* [Exercise] Please set down the data again exactly, minus the pictures.

* [Raw data]
----

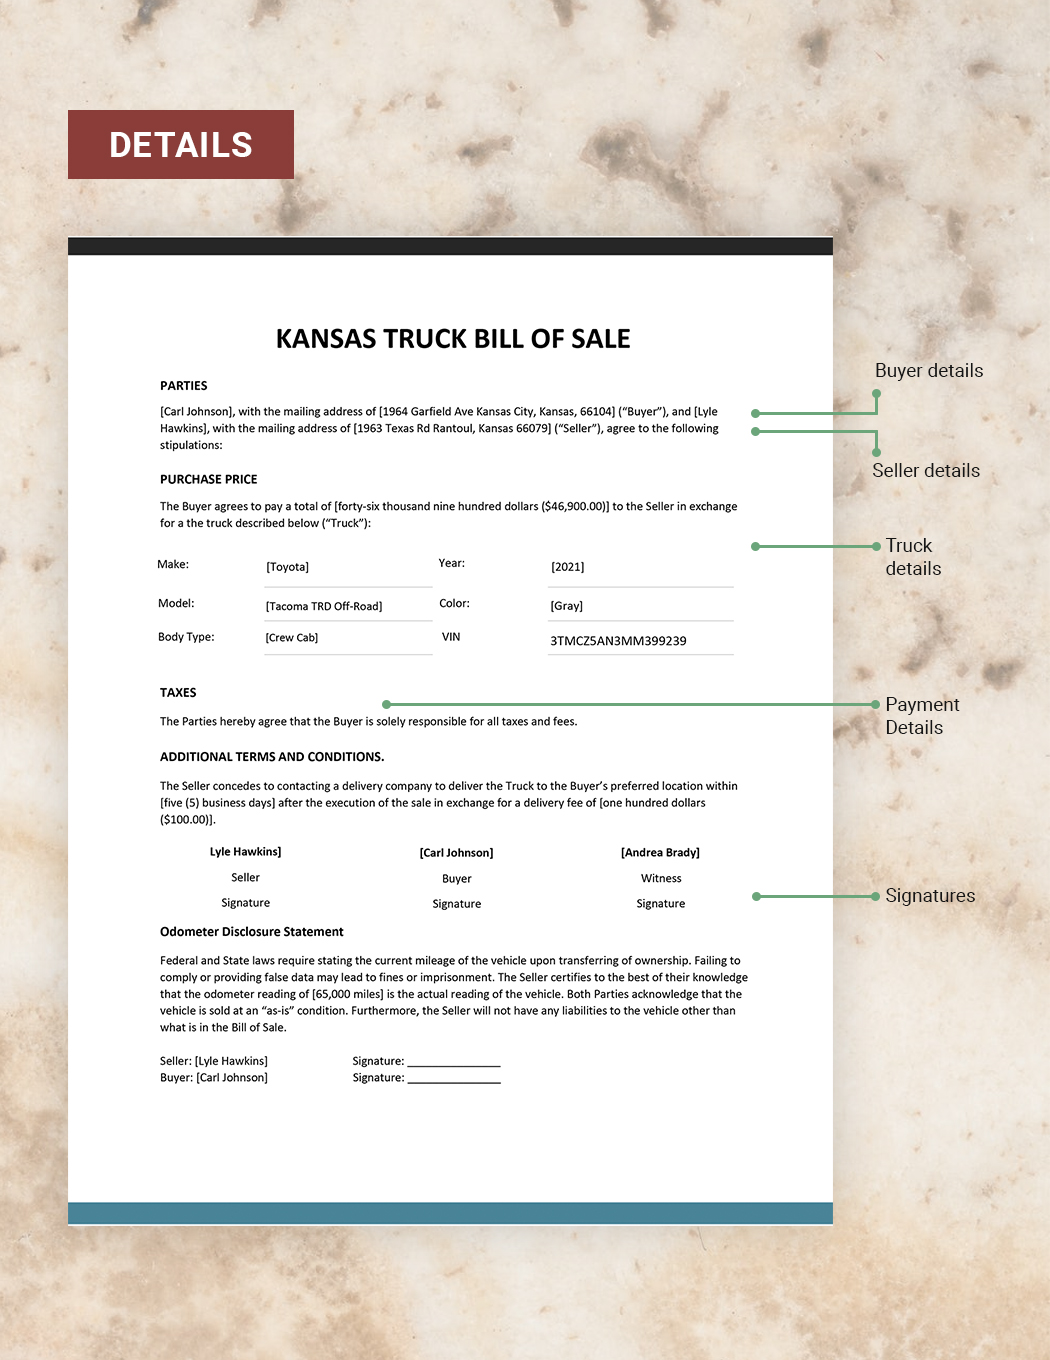 Kansas Truck Bill of Sale Template
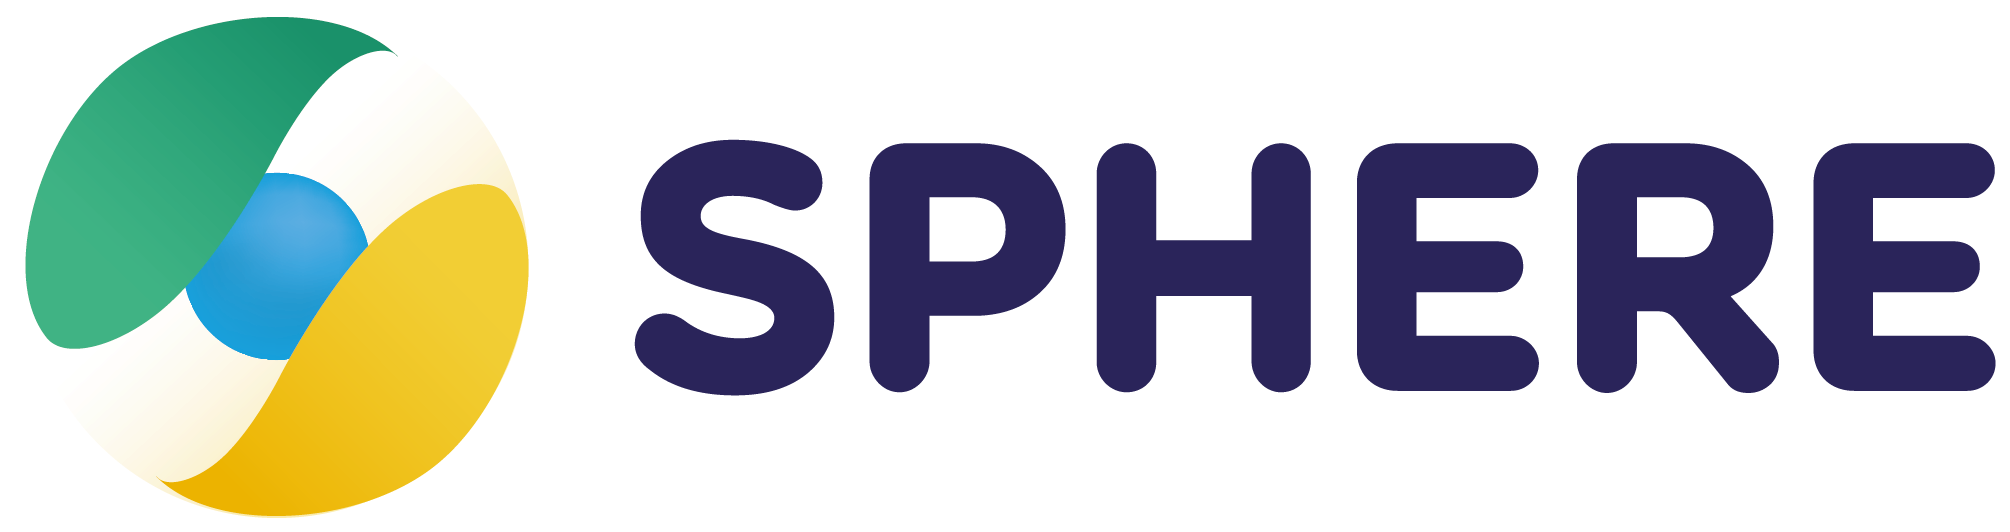 Logo SPHERE
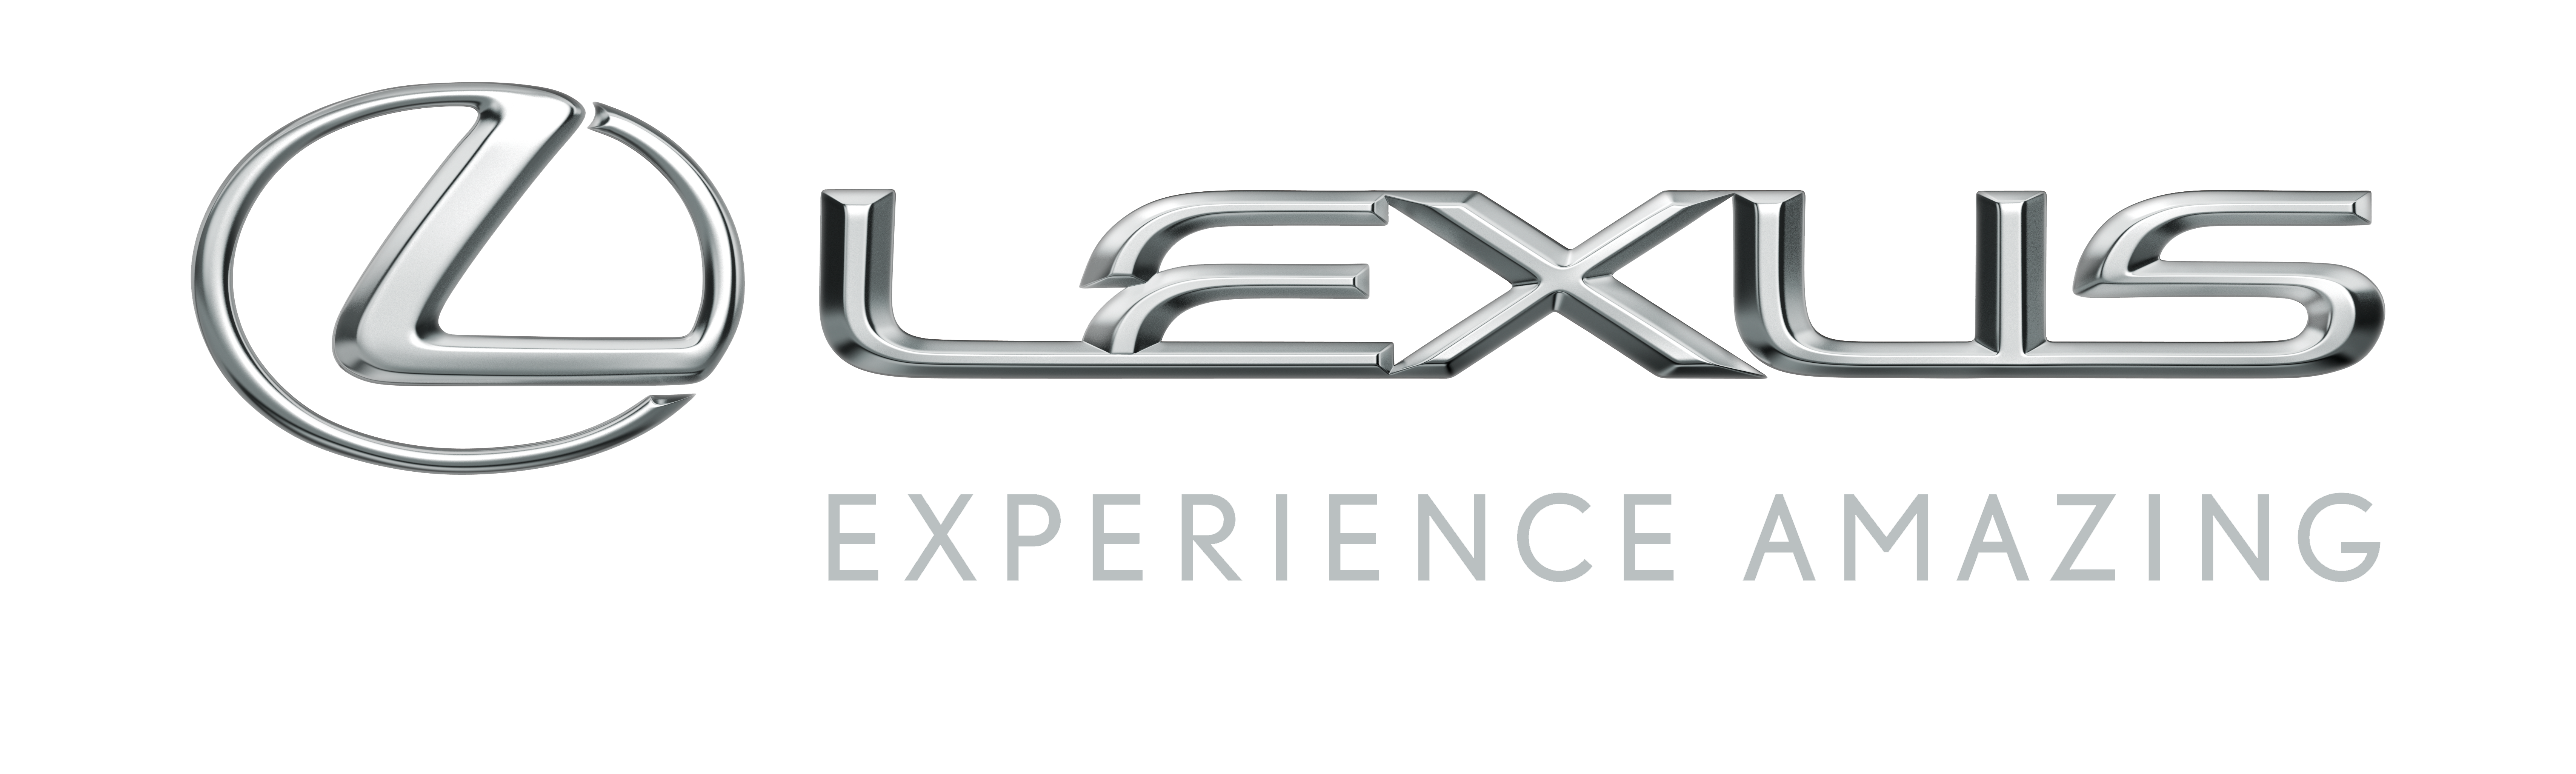 Car Is Ls Vehicle Brands Logo Lexus Clipart

----

* [Your response]
 Kansas Truck Bill of Sale Template
 Logo SPHERE
 Car Is Ls Vehicle Brands Logo Lexus Clipart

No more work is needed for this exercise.